§ DATA EXTRACT
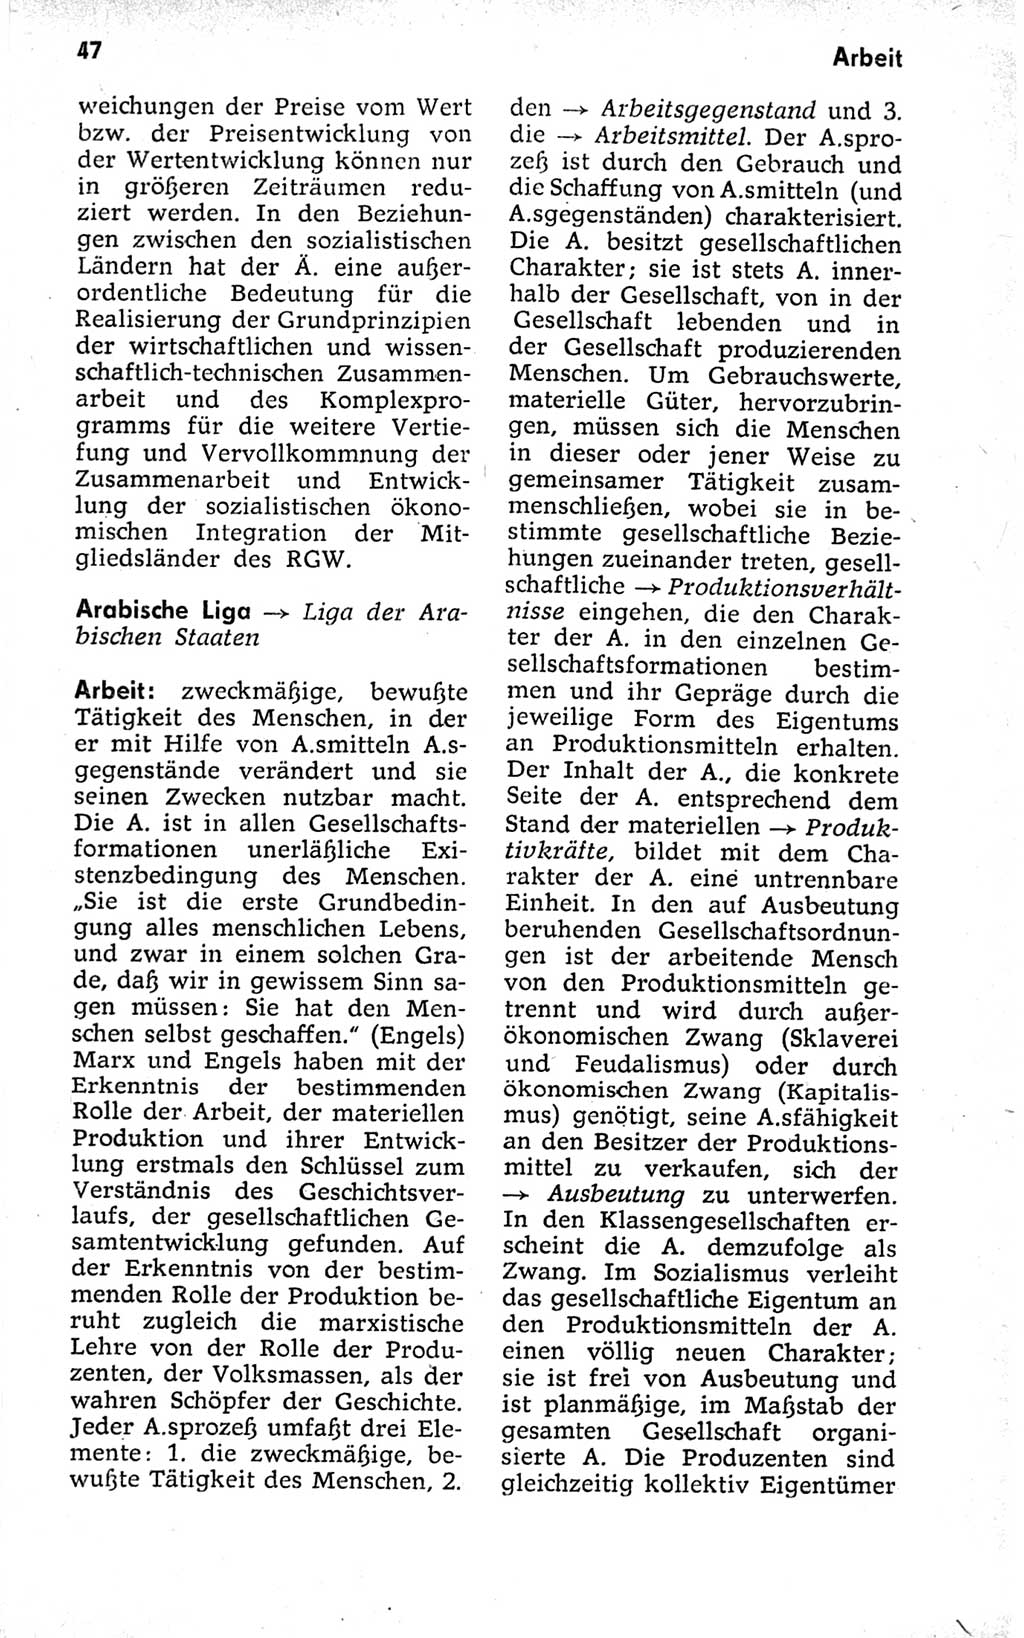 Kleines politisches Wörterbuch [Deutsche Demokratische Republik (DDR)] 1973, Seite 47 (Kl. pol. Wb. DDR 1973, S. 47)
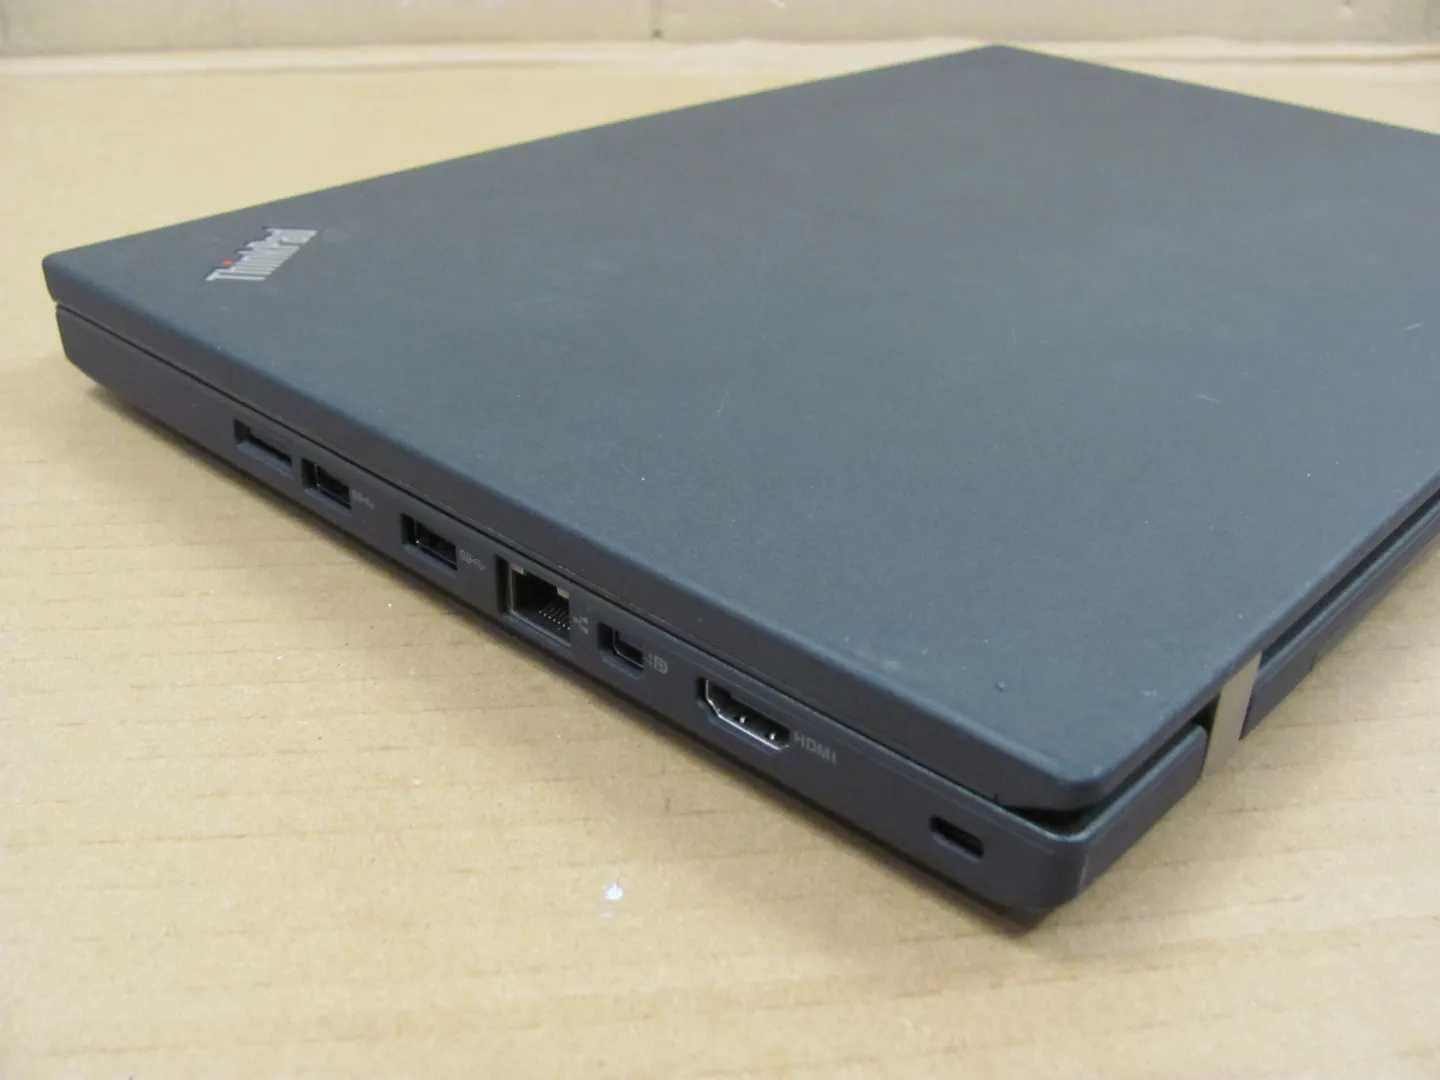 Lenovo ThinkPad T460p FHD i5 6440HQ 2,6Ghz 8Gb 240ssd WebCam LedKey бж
--
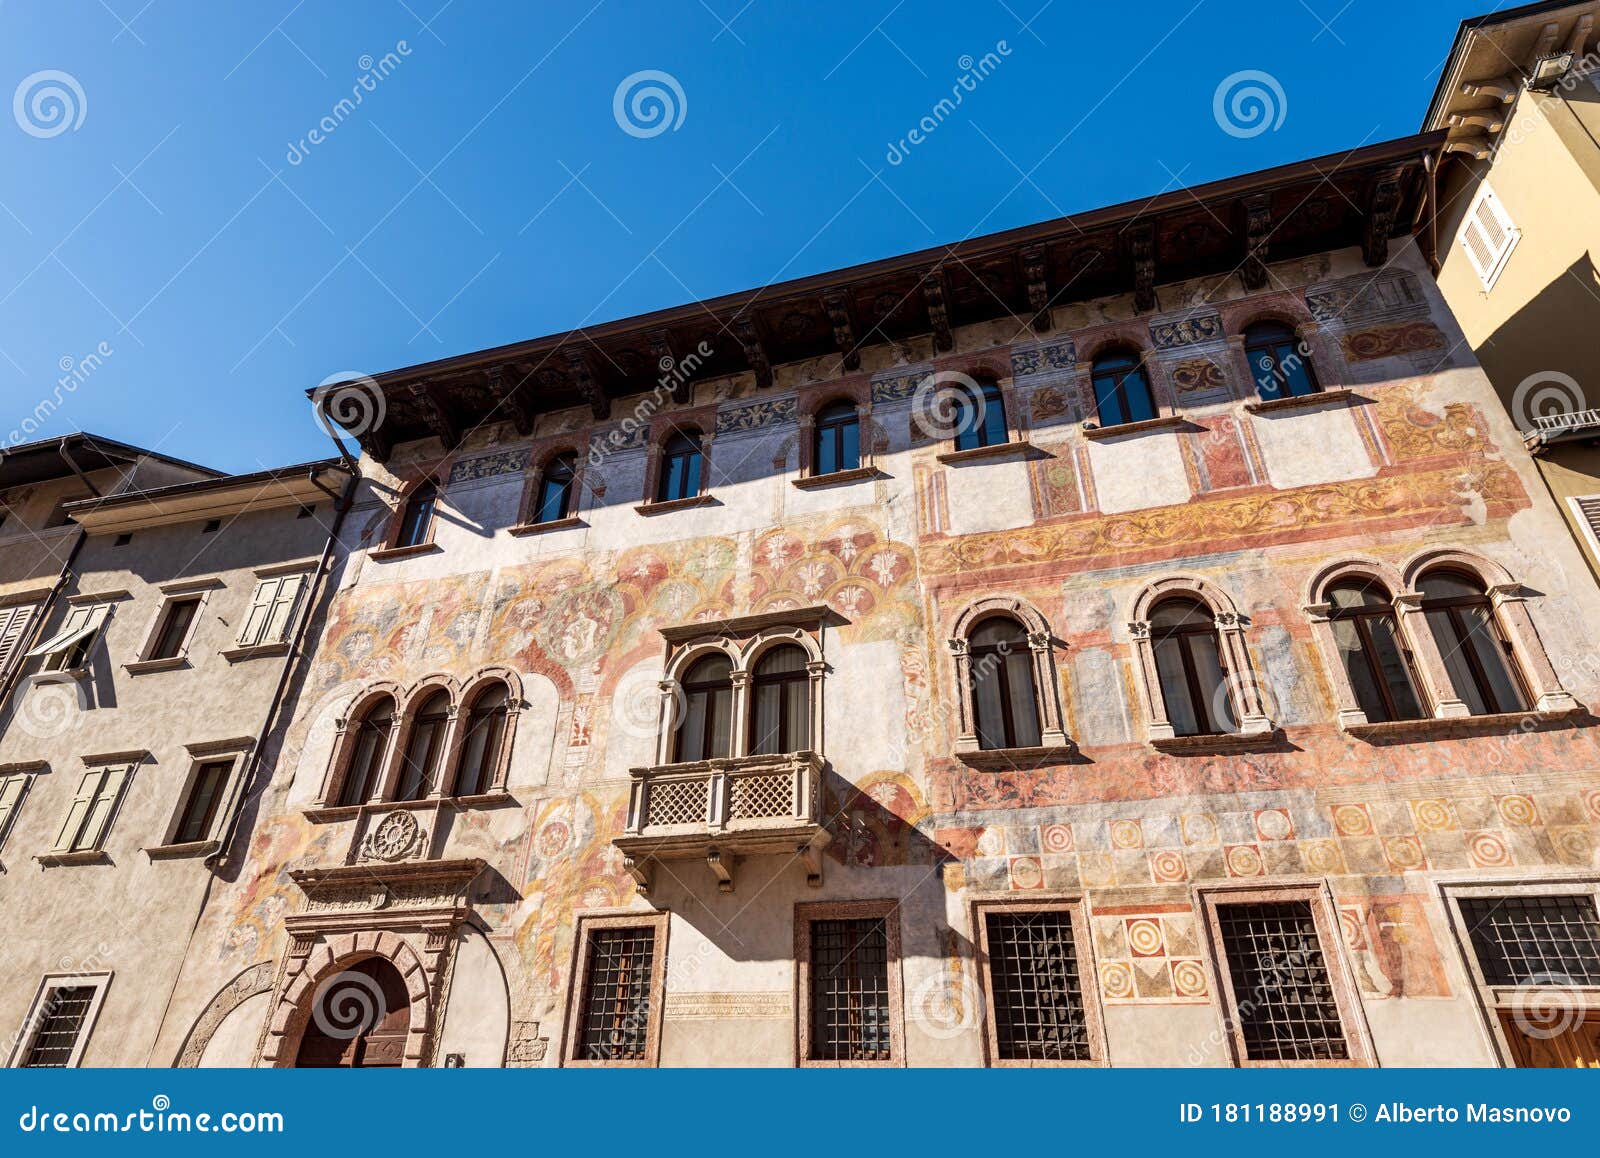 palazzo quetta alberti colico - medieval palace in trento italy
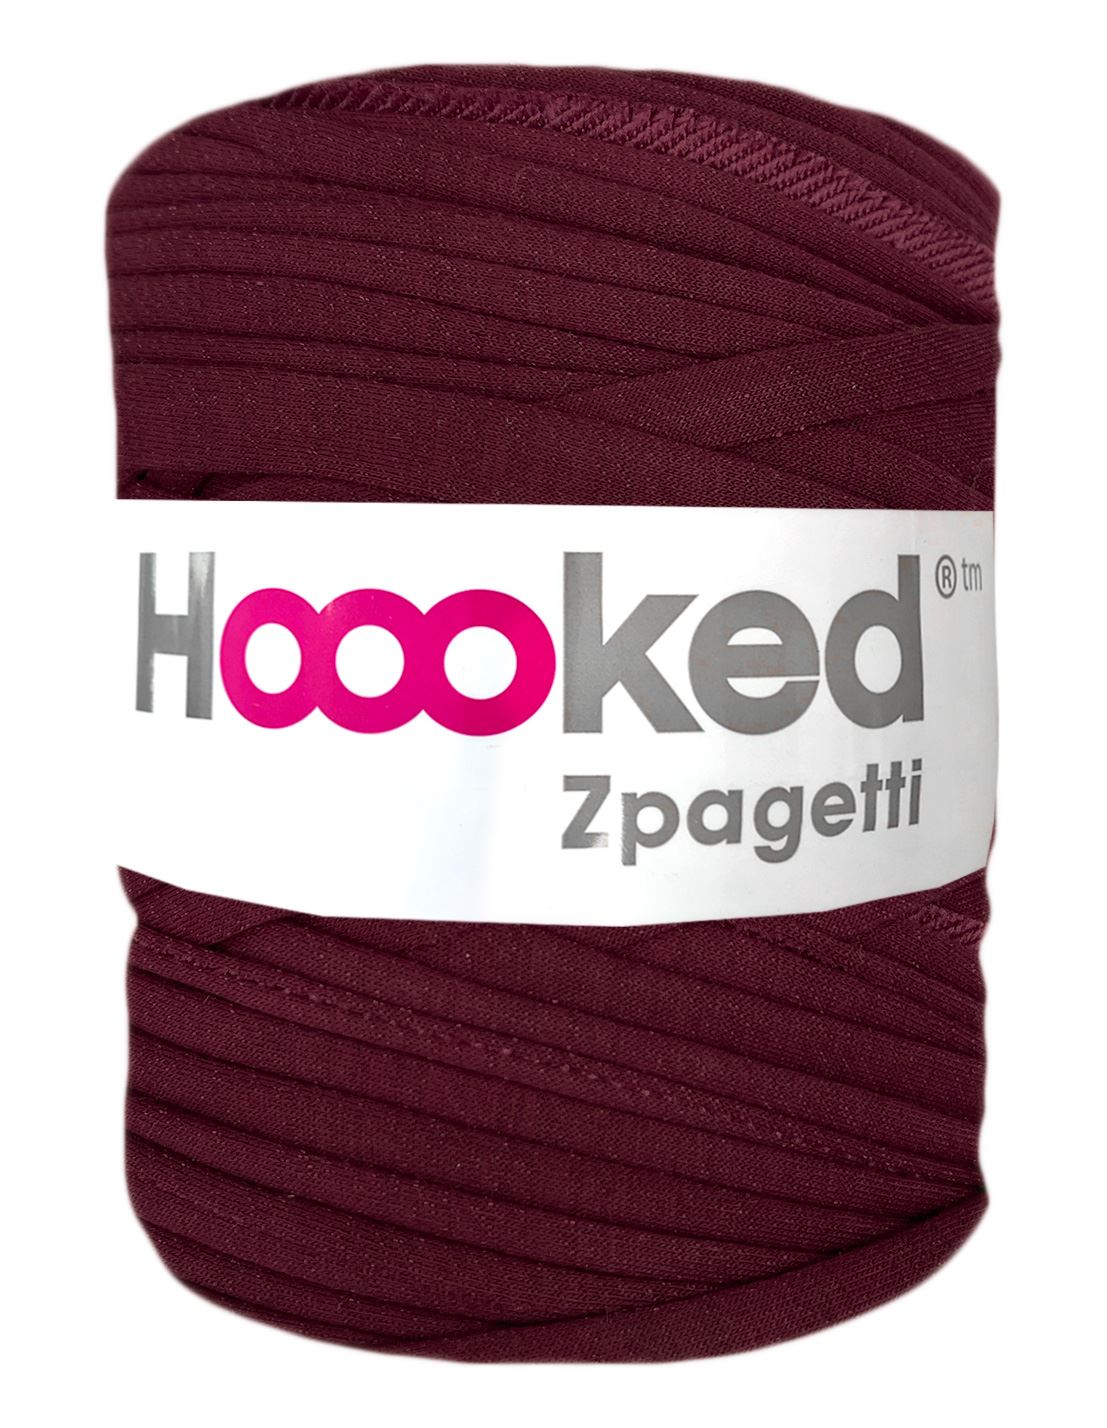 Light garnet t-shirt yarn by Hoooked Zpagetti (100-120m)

§ TASK ITEM
Pictures excluded, transcribe the listing above exactly from the line with "Kleines politisches Wörterbuch" through the line with "Lenovo ThinkPad T460p", and no further.

§ TASK RESULT
 Kleines politisches Wörterbuch [Deutsche Demokratische Republik (DDR)] 1973, Seite 47 (Kl. pol. Wb. DDR 1973, S. 47)
 Lenovo ThinkPad T460p FHD i5 6440HQ 2,6Ghz 8Gb 240ssd WebCam LedKey бж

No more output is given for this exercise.